**Raw data**.
====

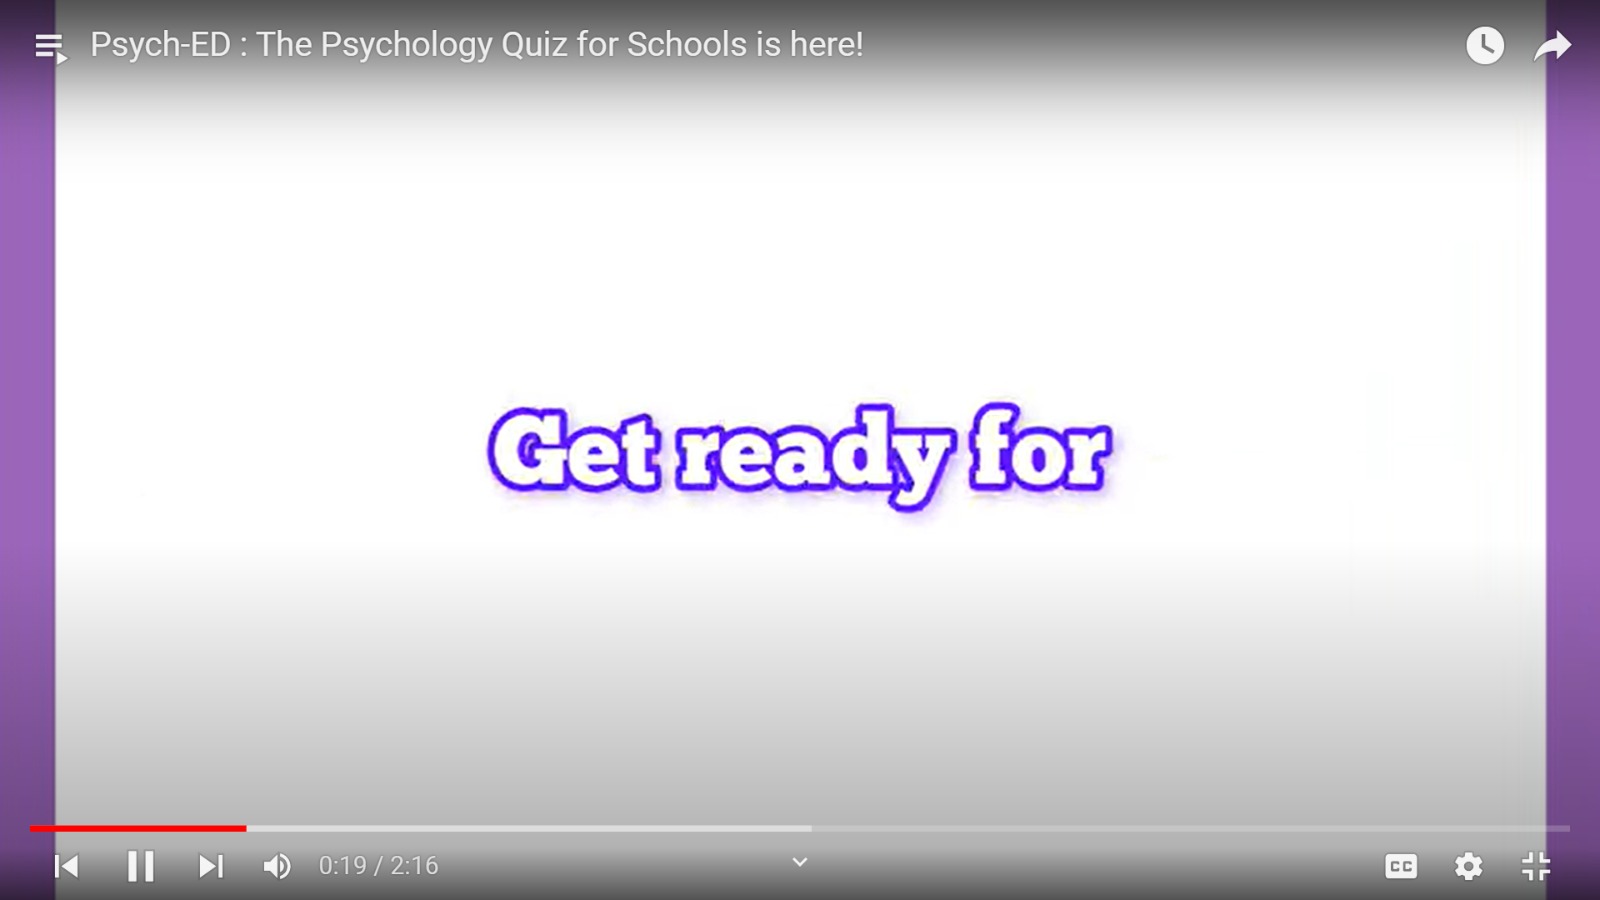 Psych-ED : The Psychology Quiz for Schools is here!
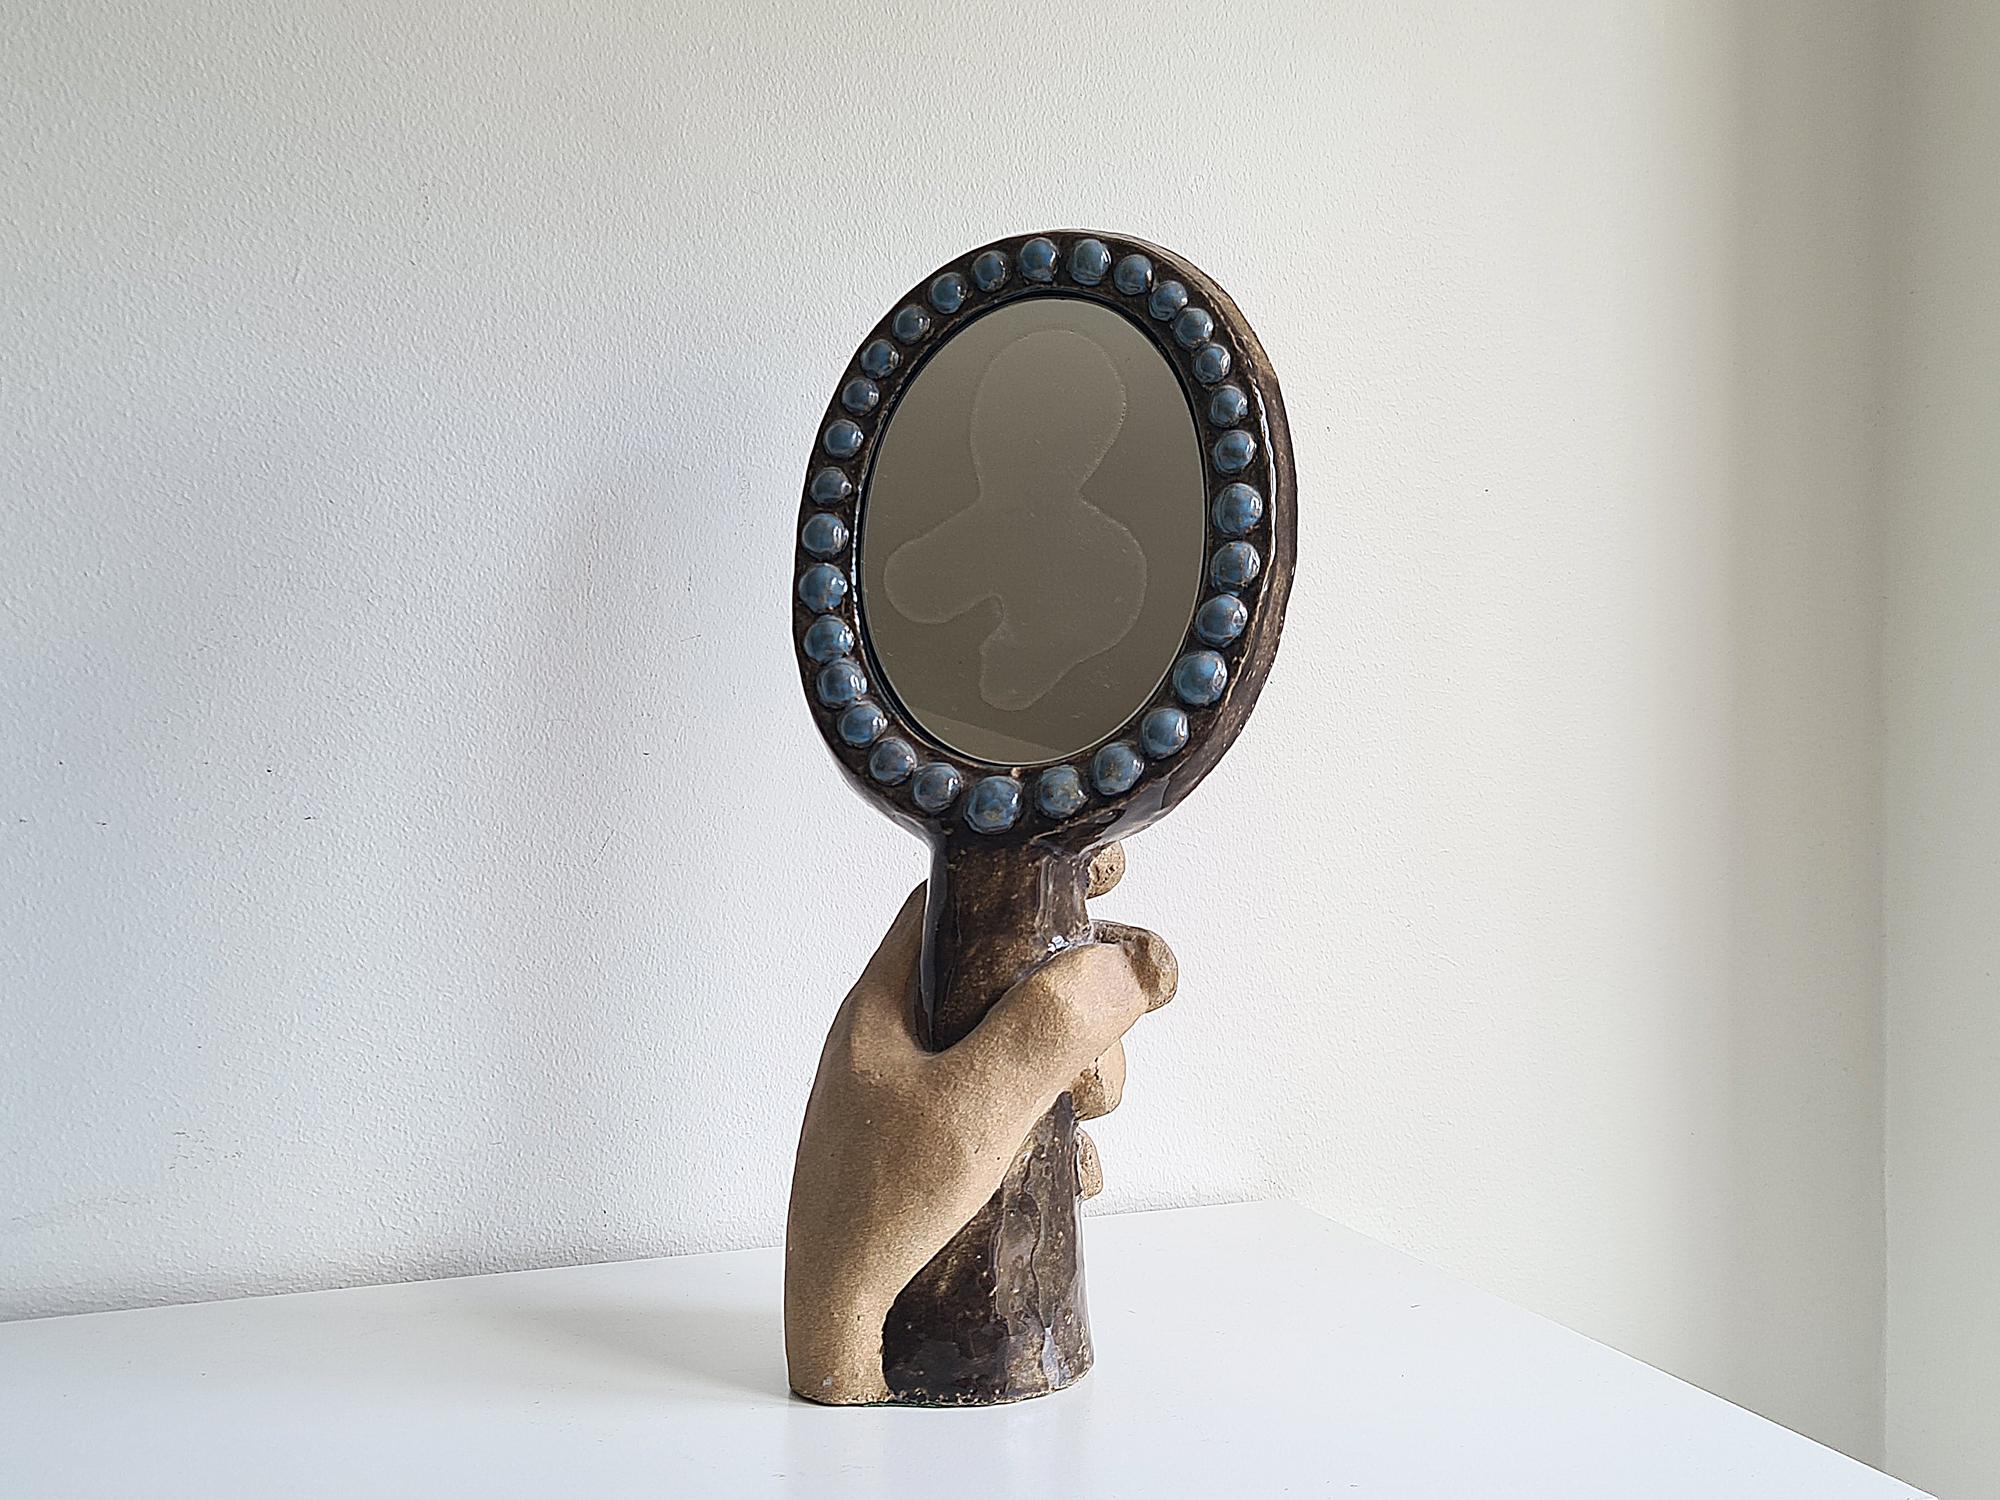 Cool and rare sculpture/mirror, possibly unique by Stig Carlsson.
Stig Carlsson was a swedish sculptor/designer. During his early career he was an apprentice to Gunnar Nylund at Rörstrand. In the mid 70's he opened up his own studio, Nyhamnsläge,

====

**What you have to do**. Restate the material word for word, minus pictures.

**Task solution**.
 Psych-ED : The Psychology Quiz for Schools is here!
 Cool and rare sculpture/mirror, possibly unique by Stig Carlsson.
Stig Carlsson was a swedish sculptor/designer. During his early career he was an apprentice to Gunnar Nylund at Rörstrand. In the mid 70's he opened up his own studio, Nyhamnsläge,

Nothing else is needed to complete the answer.